Semolina semantics

In a Farro-induced trance the other day I stumbled upon Palestinian couscous. Hold on, I thought – is this just Israeli couscous with a side of branding? Well, this pack was a Trade Aid product, made by Palestinian women in Jericho.  And technically speaking, it looked distinct from what I’ve seen sold as “Israeli couscous”: this one was a bit browner (whole wheat), and kind of less perfectly spherical, if you like. The Arabic word for it is apparently maftoul. Anyway, I bought it and made a fantastic salad out of it with a herb-evoo paste, spring onions, pine nuts and delicious Whangaripo buffalo fresca. When couscous was all the rage – say, late 90s early 00s I ‘spose – we knew only of the Moroccan sort: small, white, light and fluffy if cooked well; a gluggy mess if not. These days you can take your pick – Moroccan, Israeli, Palestinian, and another ‘giant’ version I’ve bought from the Lebanese deli down the road, labelled moghrabieh.

The point of this story, I suppose, is that I love how we’re starting to dig so much deeper into different cuisines; turning up regional variations from all sorts of cuisines. Down the road from me in the Balmoral shops, you can eat your way round China – from Hong Kong to Henan with plenty of Beijng noodles in between.
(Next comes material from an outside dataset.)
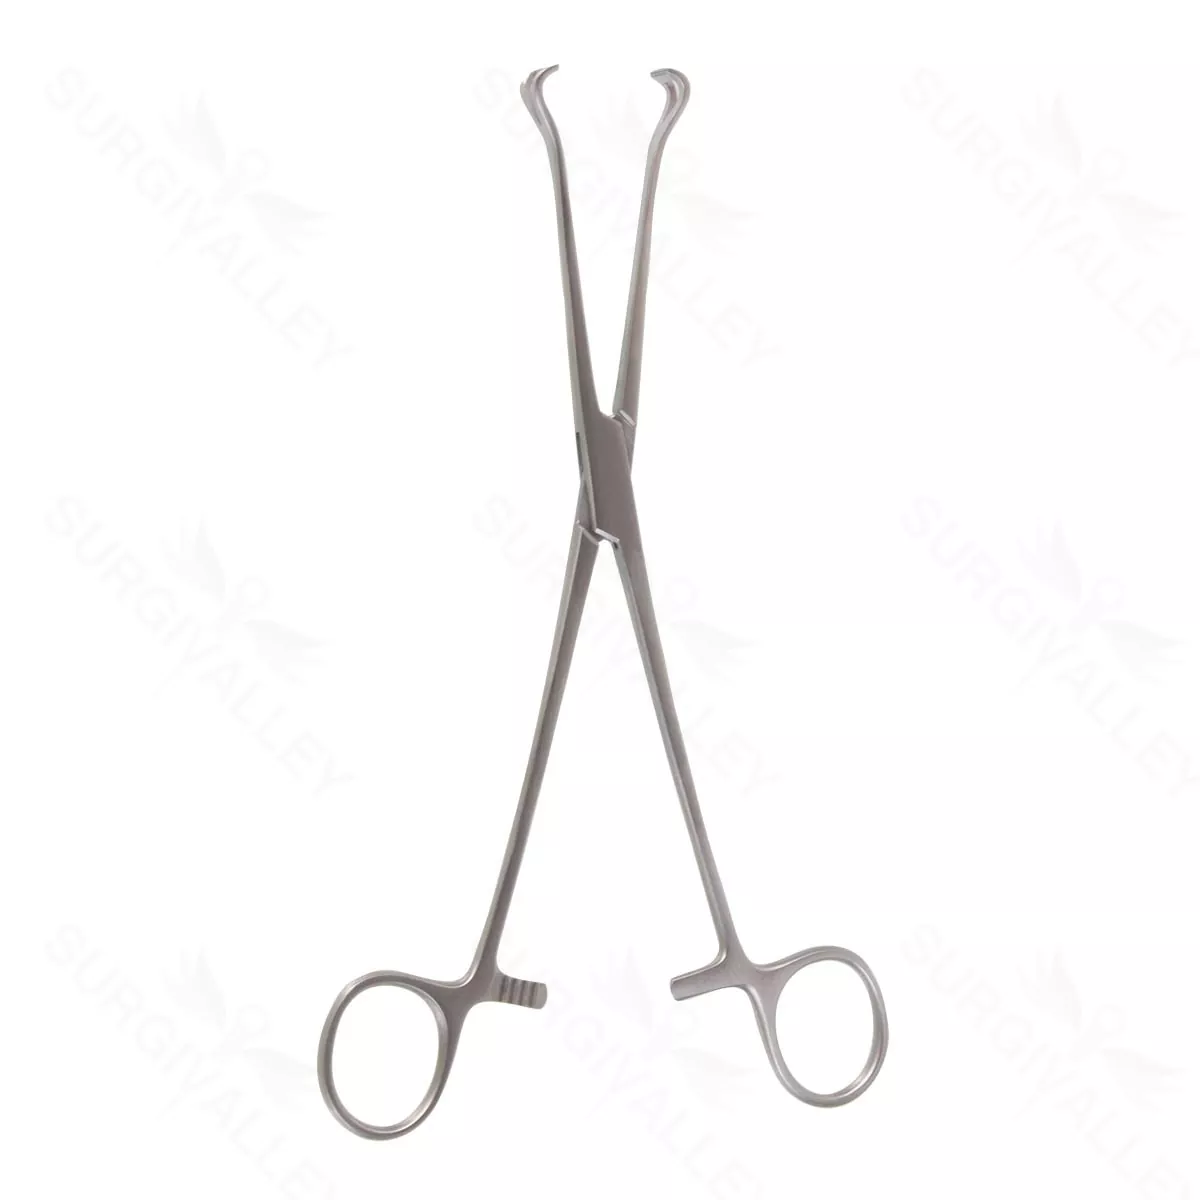 8″ Babcock Tiss Forceps – 1/2″ wide

It’s also the idea that cultures and religions at loggerheads often share such achingly similar  culinary traditions. A few weeks ago I interviewed Yotam Ottolenghi about his and Sami Tamimi’s new cookbook, the excellent Jerusalem. He said food is the only thing that brings Jews and Muslims together in his hometown, the holy city; people might sit side by side to enjoy a meal in an eatery (and, my goodness, what amazing eateries they must have in that city). But, he lamented, even that is happening less and less. “It really is sad”, he said, and I agreed. It really is sad.